Catanach was one of the 76 men who escaped the prison camp on the night of 24–25 March 1944 in the escape now famous as "the Great Escape". Catanach was fluent in German and took trouble to learn conversational Norwegian from Scandinavian prisoners in the prison camp. He teamed up with two Norwegians, Halldor Espelid and Nils Jørgen Fuglesang, and the New Zealander Arnold George Christensen who was of Scandinavian descent, in a group heading for Denmark and possibly ultimately neutral Sweden. Catanach and Christensen reached Berlin as they were seen there by other escapers before changing trains to Hamburg which they also reached successfully only to be caught on the next leg of their rail journey from Hamburg to the naval town of Flensburg on the Danish border. Nearing the border suspicious policemen insisted on carefully examining their papers, checking their briefcases which contained newspapers and escape rations. Close inspection of their clothing revealed they were wearing altered greatcoats. Although the four escapers has split up to pretend to be travelling individually they were all in the same railway carriage, more policemen arrived and closely examined every passenger, soon arresting all four suspects. The escapers were taken to Flensburg prison.

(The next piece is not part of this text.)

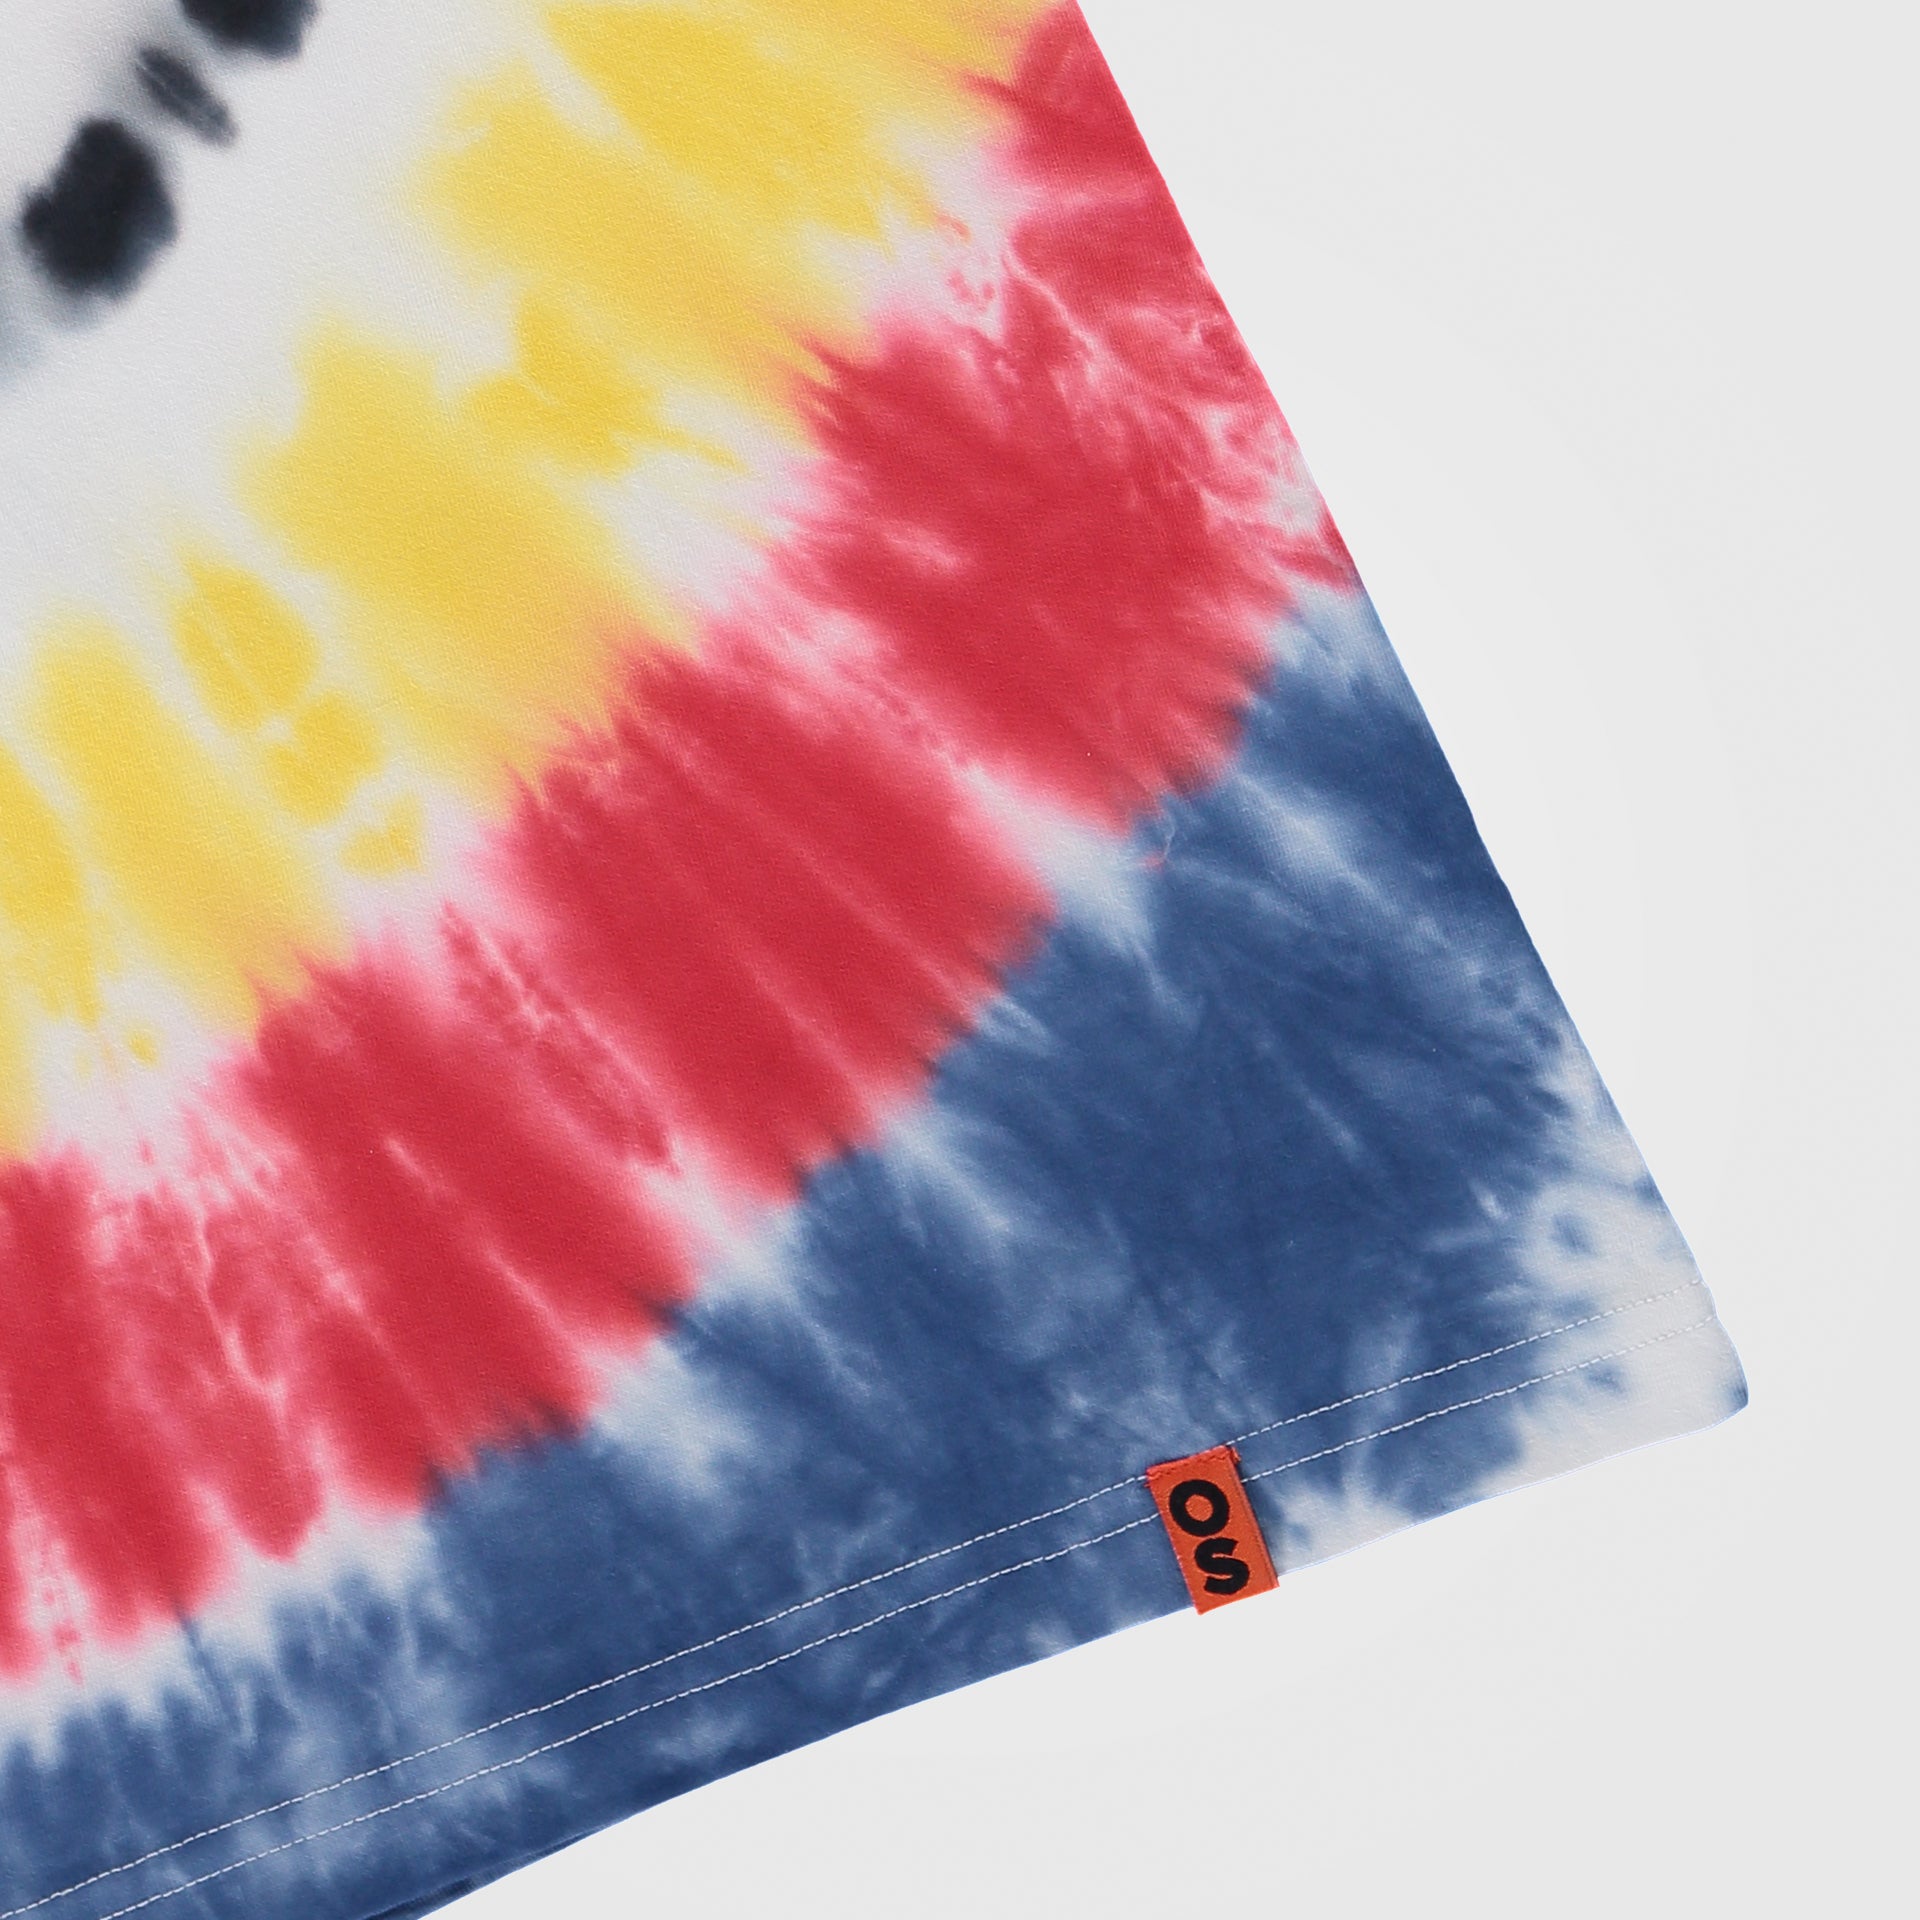 Multi Color Tie & Dye Stay Away Cotton T-Shirt From Official Secret

Memorial to "The Fifty" down the road toward Żagań (Catanach at left)

The four airmen were handed over to the Kiel Gestapo and after interrogation were told that they would be taken by road back to prison camp. On 29 March 1944, two or three black sedan cars arrived, Catanach was taken in the first car with three Gestapo agents including SS-Sturmbannfuhrer Johannes Post a senior officer based there. Post had his driver stop the car in the countryside outside Kiel about 1630 hours and called Catanach out into a field where he promptly shot him. The second (and possibly a third) car drew up in the same place shortly afterwards and Post told his agents to get Christensen, Espelid and Fuglesang out, stating that they should take a break before their long drive. As the airmen walked into the field they almost stumbled over Catanach's body as they were also shot. Catanach was one of the 50 escapers who had been listed by SS-Gruppenfuhrer Arthur Nebe to be killed so was amongst those executed and murdered by the Gestapo. His cremated remains were buried at Sagan but he now lies in part of the Poznan Old Garrison Cemetery. The Australian press maintained a chase for information and justice for their murdered airmen. Strangely his name was not on the list of murdered officers which was published by newspapers on 20 May 1944.

==Awards==
The Distinguished Flying Cross was awarded on 23 June 1942 to Acting Flight Lieutenant James Catanach (Aus.400364), Royal Australian Air Force, No. 455 Squadron RAAF. On three occasions he brought his aircraft and crew home seriously despite severe battle damage. He had made bombing attacks on Essen, Cologne, Lubeck, Hamburg, Kiel and Lorient.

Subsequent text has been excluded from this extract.